VIII. The hemisphere inside the wires (culture is a grid, too)

This is Sol Meridian, so let's say the quiet part in two languages: a Spanish-American nation that refuses to wire itself to its neighbors is committing a category error. Our demography speaks Spanish at home; our economy already trades massively in fuels and parts with Mexico; our politics insists on reliability. Interties are not an exotic flourish; they are the infrastructure of courtesy—the habit of planning together so that neither party must beg in a crisis.

There is also a literary pleasure here. If Borges taught us to love mirrors, an HVDC back-to-back is a mirror that adds.

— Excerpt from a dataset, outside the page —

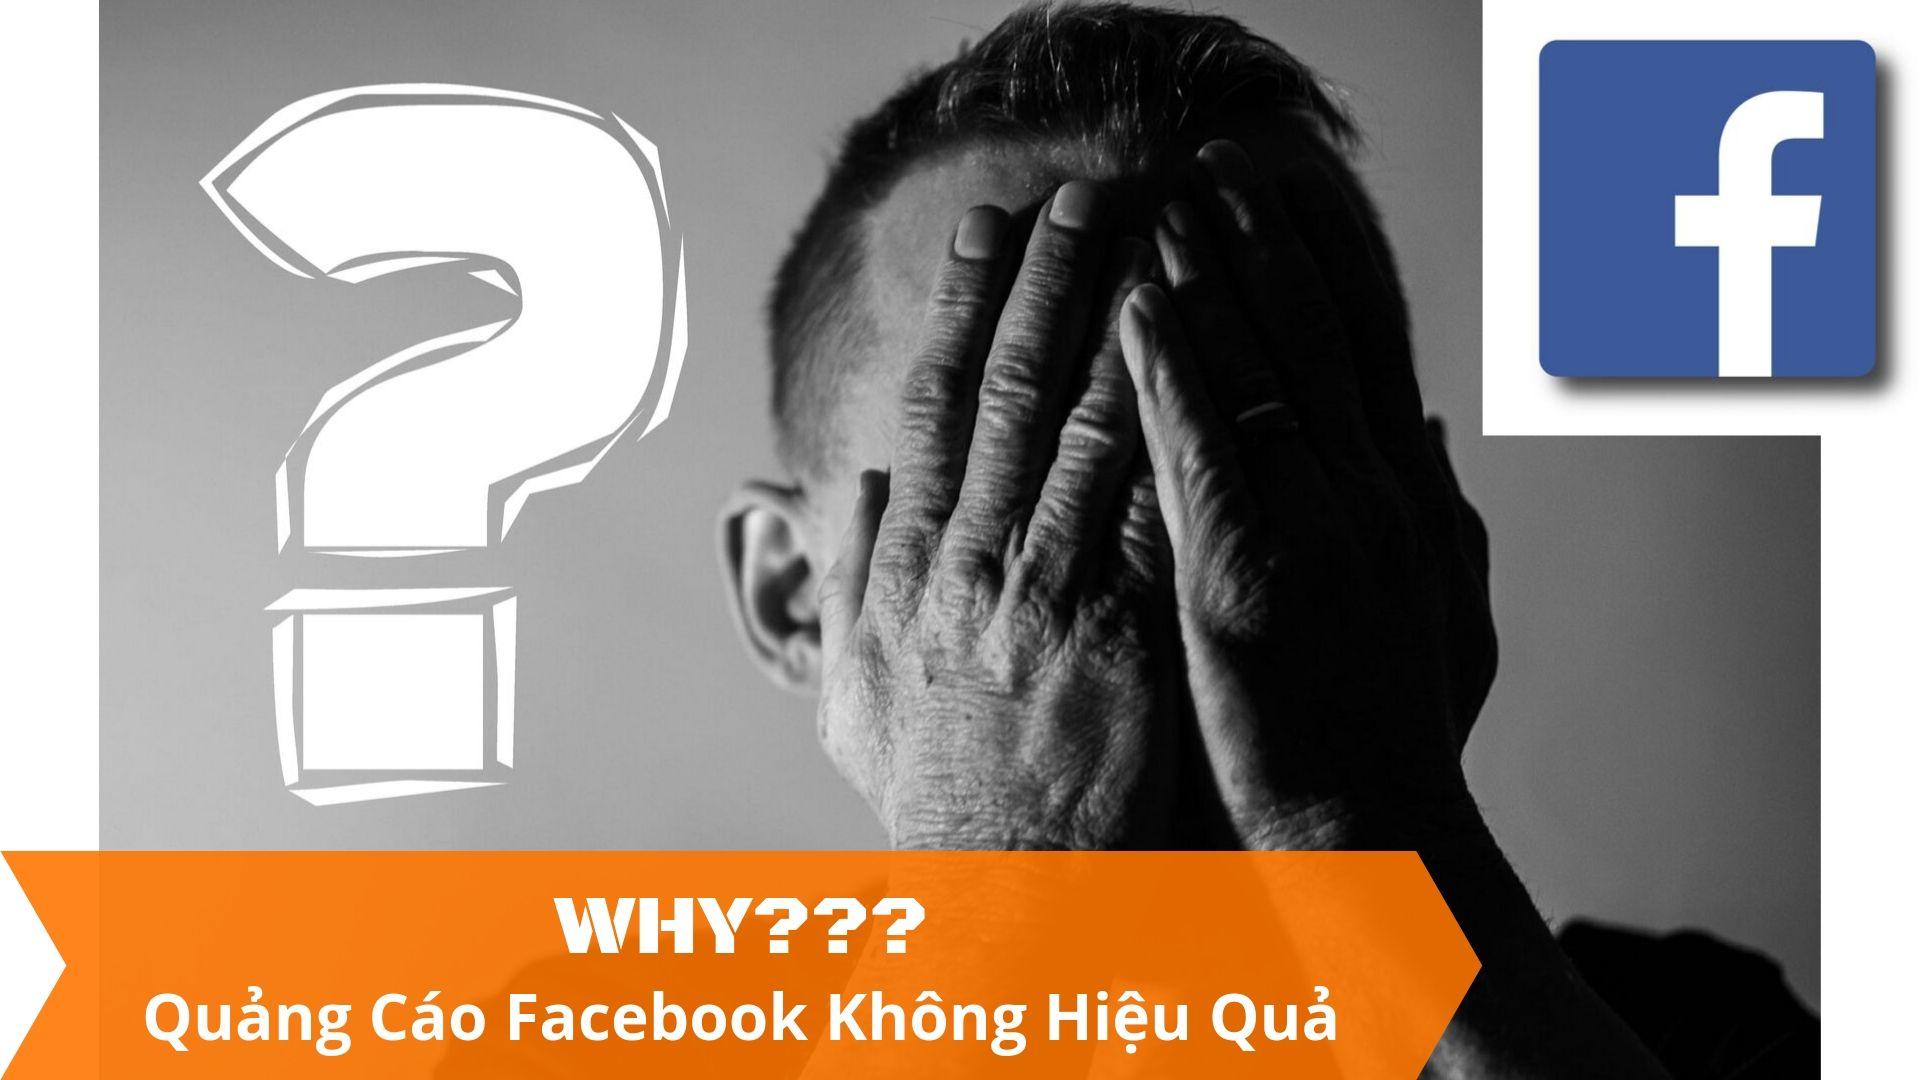 Tại Sao Quảng Cáo Facebook Không Hiệu Quả? - Estore Education

Two asynchronous systems face each other across a converter hall and decide, every second, to be generous. That's what a republic ought to feel like.

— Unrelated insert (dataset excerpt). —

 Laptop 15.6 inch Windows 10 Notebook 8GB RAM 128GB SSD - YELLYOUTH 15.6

IX. Three small scenes (because policy is a place)

Mission, Texas, 4:03 p.m., a heat advisory

The dispatcher watches the Sharyland dashboard step up from 180 to 260 MW import. A nurse across town never knows; her clinic's AC does not blink. The border hums; a blackout somewhere else does not happen.

Otay Mesa, 10:11 a.m., marine layer lifting

A gust crosses the Sierra de Juárez; a wind farm's output nudges into the Imperial–Miguel corridor. A planner in Sacramento sees five-minute prices relax and writes a note: "Path 45 earned its keep."

Nogales, twilight

A utility lawyer reads the Gateway file and circles a word: "on hold." She opens a new document titled Relight and writes two columns—"what we control," "what we don't"—in English and Spanish. The first list is longer than anyone expected.


X. Epilogue: make the border boring

In the next edition of our national story, the interties will be so normal we won't bother to name them in speeches. That's the victory: a border that stays dramatic for poets and boring for engineers—planned in 20-year cycles, reviewed under USMCA, financed with NIETCs and state compacts, explained in two languages, operated by people who think electrons should not need passports, only standards.

If we do that, the sun we share will set a little less wastefully, and the line on the map will feel less like a wall than a wire—thin, audible, generous.


Sources (validated)

  • U.S.–Mexico electricity trade share (2024) and volumes: EIA Today in Energy (imports ≈ 6.0 TWh, exports 1.7 TWh; ≈ 0.1% of U.S. consumption)
  • ERCOT↔Mexico DC ties (capacities & function): ERCOT DC-tie ops docs; Hitachi Energy/Sharyland project notes; AEP/ABB announcements; analysis of tie roles post-Uri
  • Baja Norte isolation & CAISO interfaces (Path 45); EIM exploration: CAISO/CENACE briefing (Baja Norte connected at Otay Mesa & Imperial Valley; not linked to Mexico's main grid)
  • Energía Sierra Juárez & DOE permits/EIS: DOE EIS and supplemental documents describing cross-border line to Imperial–Miguel segment
  • Nogales Interconnection (permit & status): DOE/FR notices (bi-directional HVDC, 2×150 MW phases) and UniSource updates indicating on hold
  • Load growth outlook: Reuters summary of EIA record demand projections for 2025–26
  • Transmission law & process changes: FERC Order 1920 explainer and 1920-A; Reuters coverage; DOE NIETC designations; FERC staff presentation and Order 1977 analysis; DOE 216(h) coordination rule
  • USMCA Article 34.7 review (2026) and 2025 consultations: Wilson Center guide; CSIS brief; Reuters on Mexico & Canada consultations

This is the sixteenth in the Sol Meridian series exploring the hidden continuities that shape American public life. A technical and policy analysis of U.S.-Mexico electrical grid cooperation as a foundation for North American energy integration.